▶ Instructions to follow: Further down are entries; set down exactly and only the lines from the one with "JEANNE VOULAND - Pantalon" up to and including the one with "thelightandglass-wedding-engagement-photography-189.jpg", dropping each picture.
-------- Data for this task
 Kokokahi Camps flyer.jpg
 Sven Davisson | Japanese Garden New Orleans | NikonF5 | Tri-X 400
----------------
-------- Data for this task
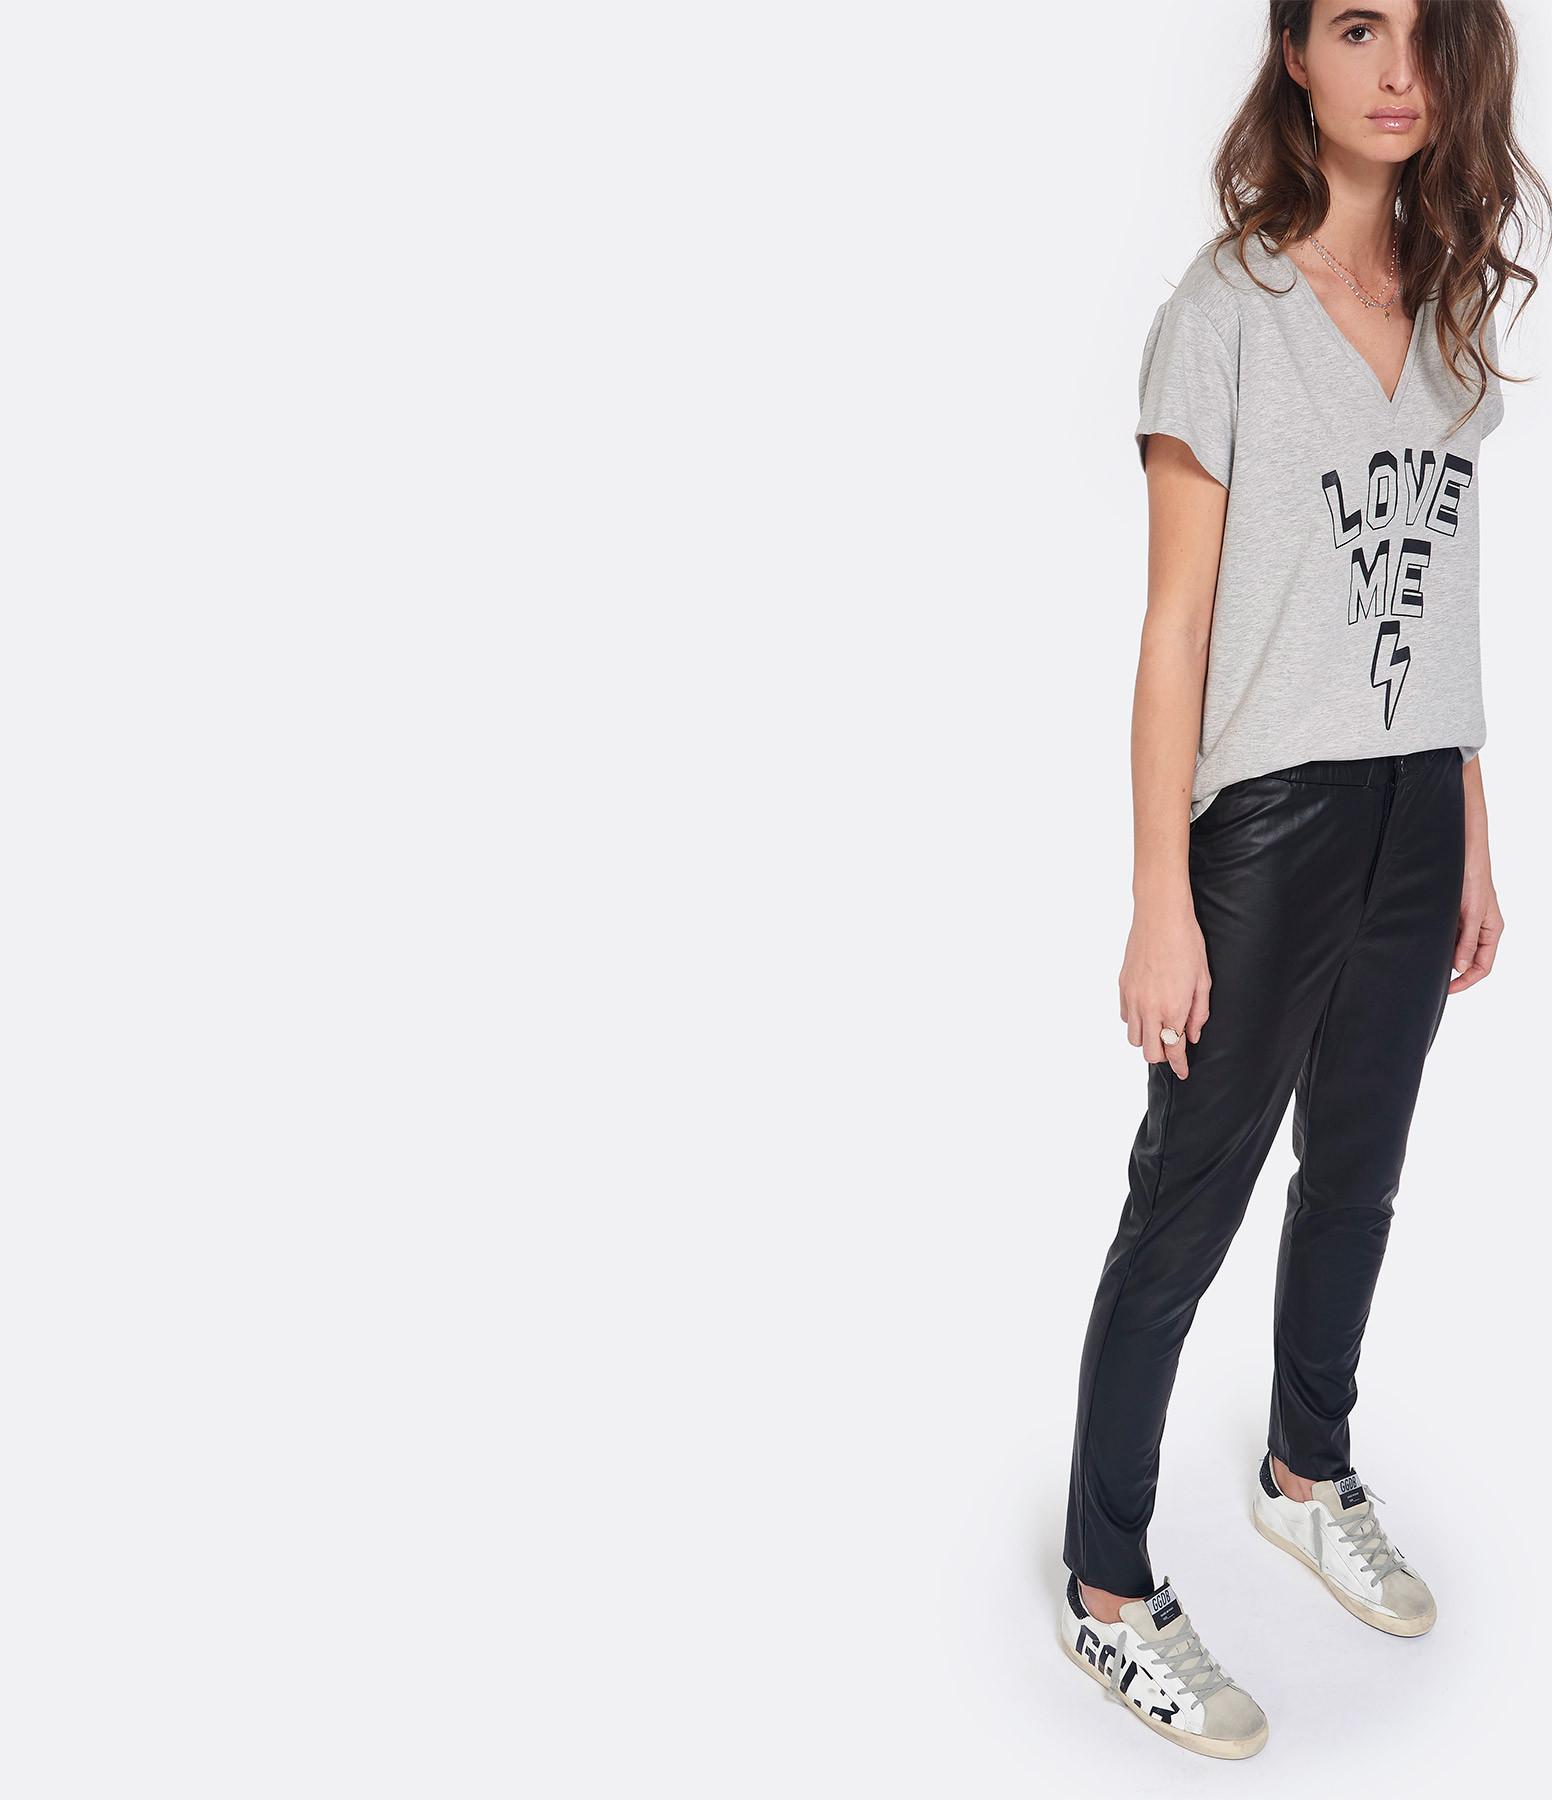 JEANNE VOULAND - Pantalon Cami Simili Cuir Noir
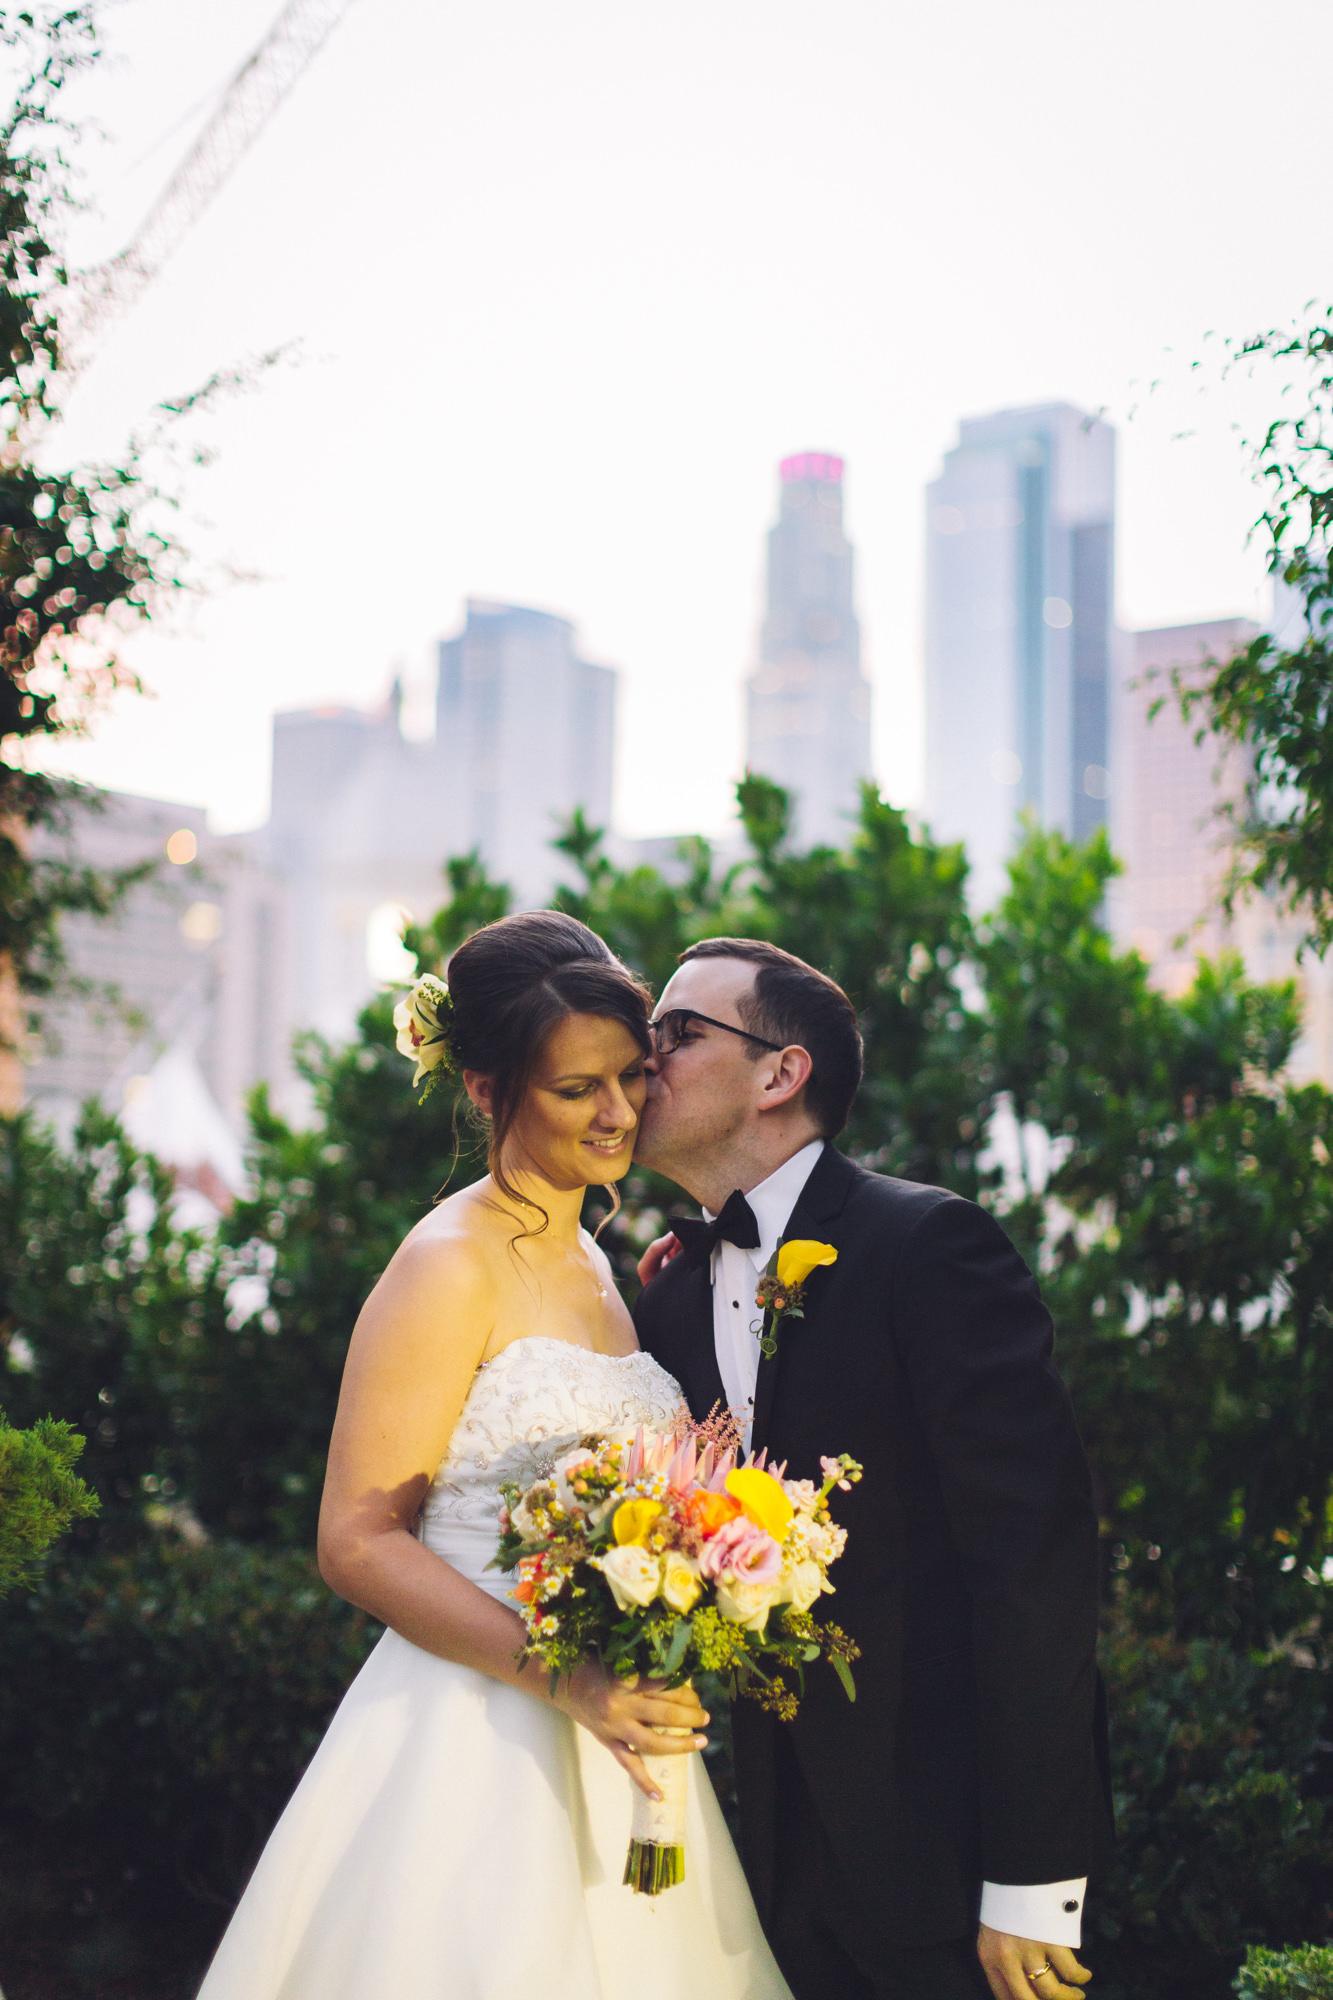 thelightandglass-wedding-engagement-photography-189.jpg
----------------
-------- Data for this task
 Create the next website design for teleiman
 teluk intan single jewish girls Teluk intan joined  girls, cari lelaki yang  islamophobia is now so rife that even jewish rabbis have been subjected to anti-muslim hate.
----------------
▶ Solution:
 JEANNE VOULAND - Pantalon Cami Simili Cuir Noir
 thelightandglass-wedding-engagement-photography-189.jpg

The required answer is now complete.